除了按照@Basil 的建议使用 java.nio 之外,简单地将FileReadera包装起来BufferedReader应该可以实现显着的加速。

FileReader fileReaderMes1 = new BufferedReader( new FileReader(FECHAS[0]));


查看完整回答
反对 回复 2022-07-27
?
月关宝盒

TA贡献1772条经验 获得超5个赞

这是我的 Basil 提供的解决方案版本,但这使用了 univocity-parsers:


public class CsvSpeed {


public static class Person {

    // Static

    static public String LOREM_IPSUM = "Lorem ipsum dolor sit amet, consectetur adipiscing elit, sed do eiusmod tempor incididunt ut labore et dolore magna aliqua. Ut enim ad minim veniam, quis nostrud exercitation ullamco laboris nisi ut aliquip ex ea commodo consequat. Duis aute irure dolor in reprehenderit in voluptate velit esse cillum dolore eu fugiat nulla pariatur.

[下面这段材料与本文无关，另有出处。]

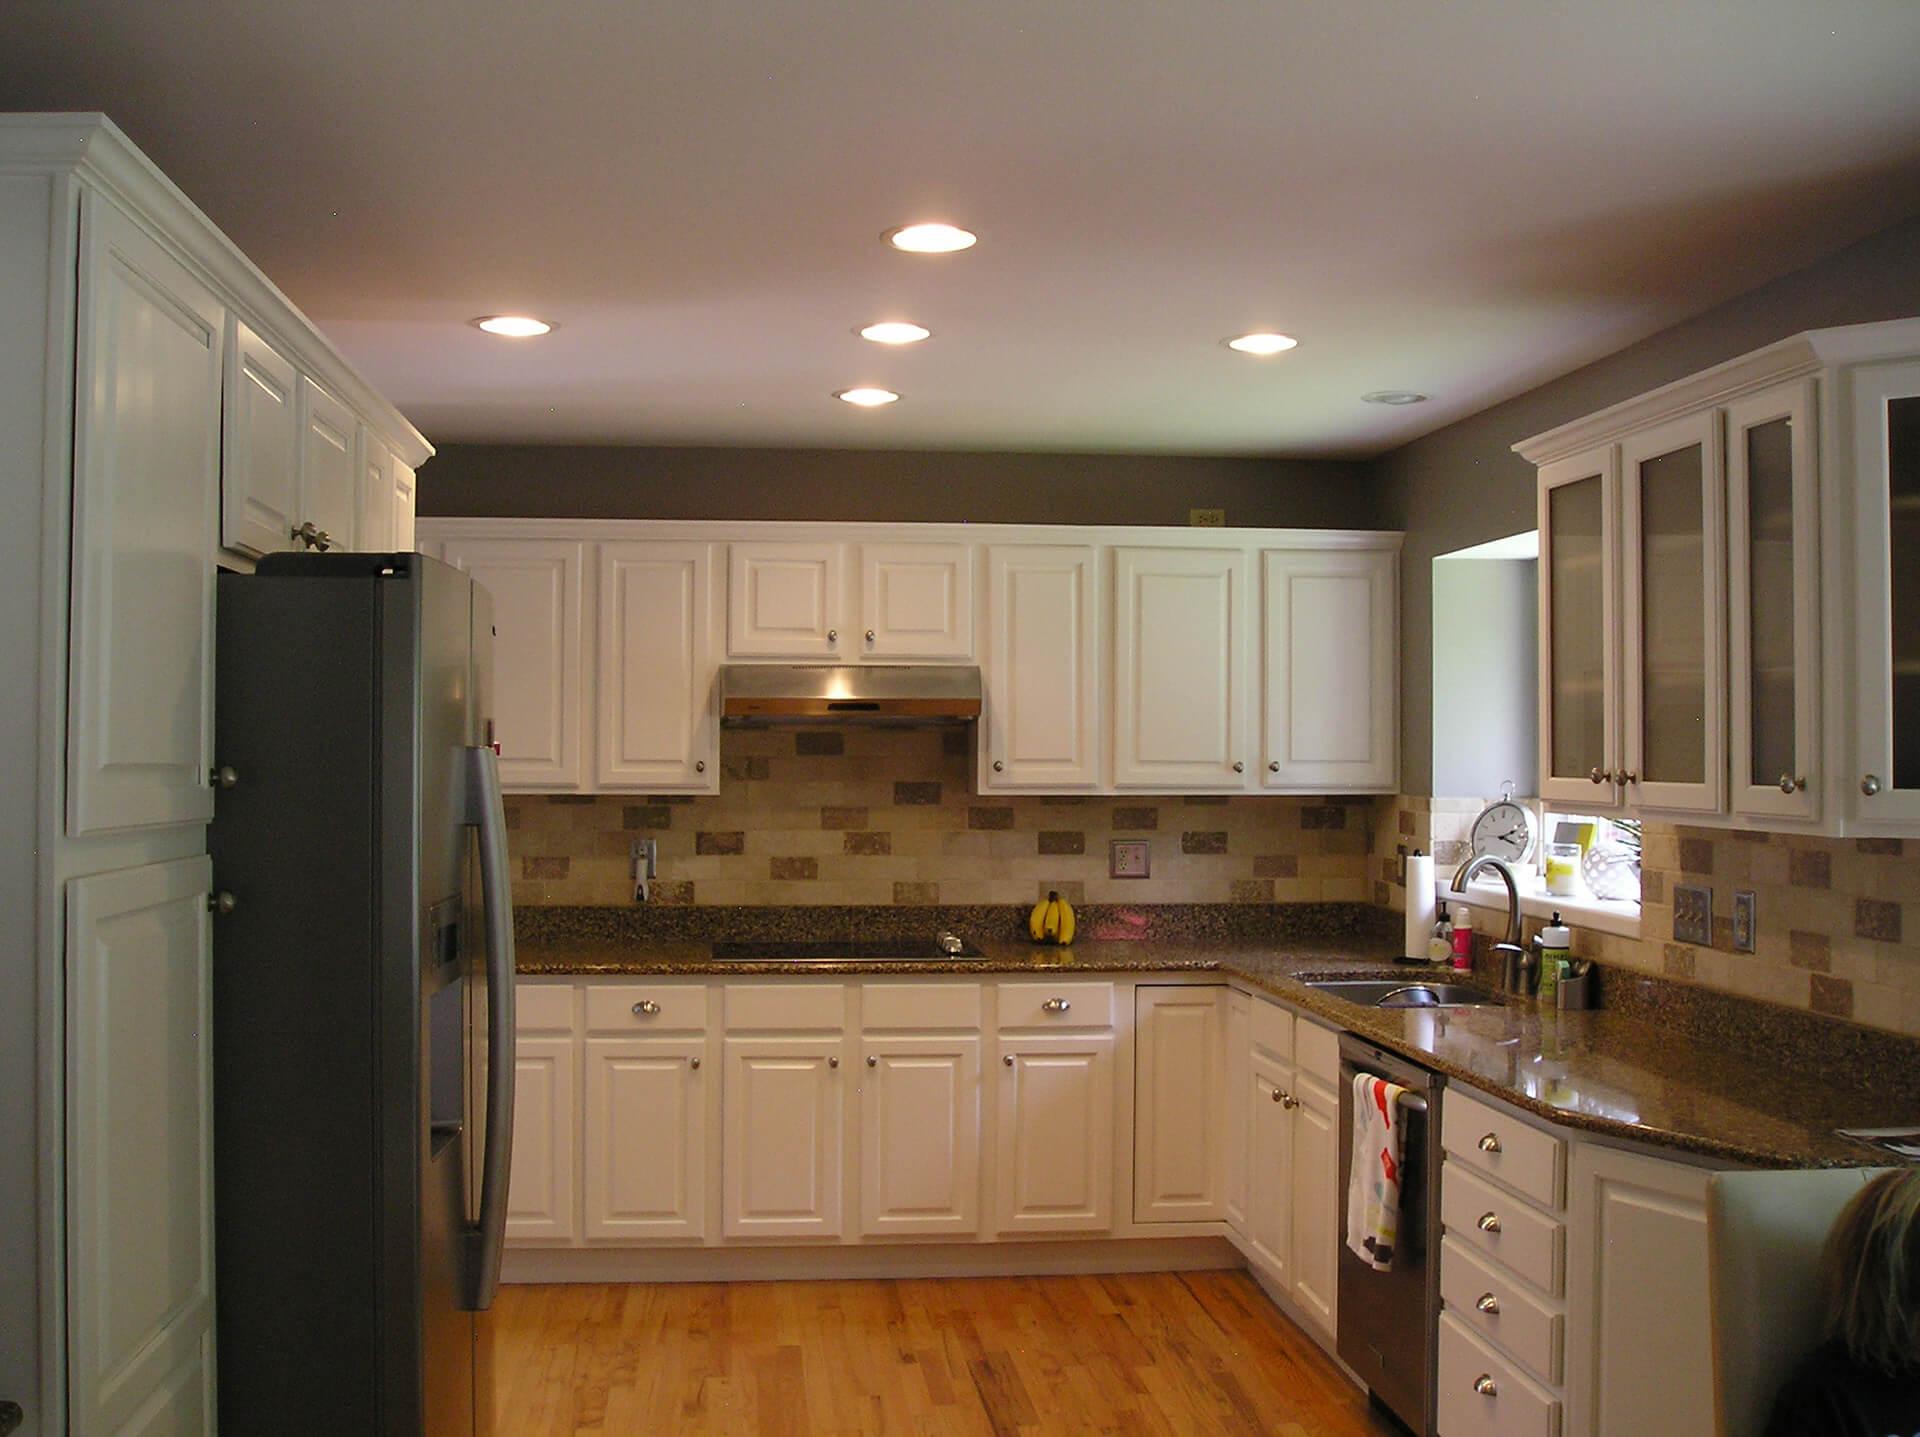 Kitchen Cabinet Photo Gallery 171 Crowder Painting

Excepteur sint occaecat cupidatat non proident, sunt in culpa qui officia deserunt mollit anim id est laborum.";


    // Member variables.

    @Parsed

    public String givenName, surname, description;


    public UUID id;


    @Parsed

    public void id(String id) {

        this.id = UUID.fromString(id);

    }


    @Override

    public String toString() {

        return "Person{ " +

                "givenName='" + givenName + '\'' +

                " | surname='" + surname + '\'' +

                " | id='" + id + '\'' +

                " }";

    }

}


public List<Person> read(Path path) {

    return new CsvRoutines(Csv.parseRfc4180()).parseAll(Person.class, path.toFile(), "UTF-8", 40_000);

}


public void write(final Path path) {

    ThreadLocalRandom random = ThreadLocalRandom.current();

    CsvWriter writer = new CsvWriter(path.toFile(), "UTF-8", Csv.writeRfc4180());

    writer.writeHeaders("givenName" , "surname" , "id" , "description");


    int limit = 40_000;  // 40_000 yields about 20 MB of data.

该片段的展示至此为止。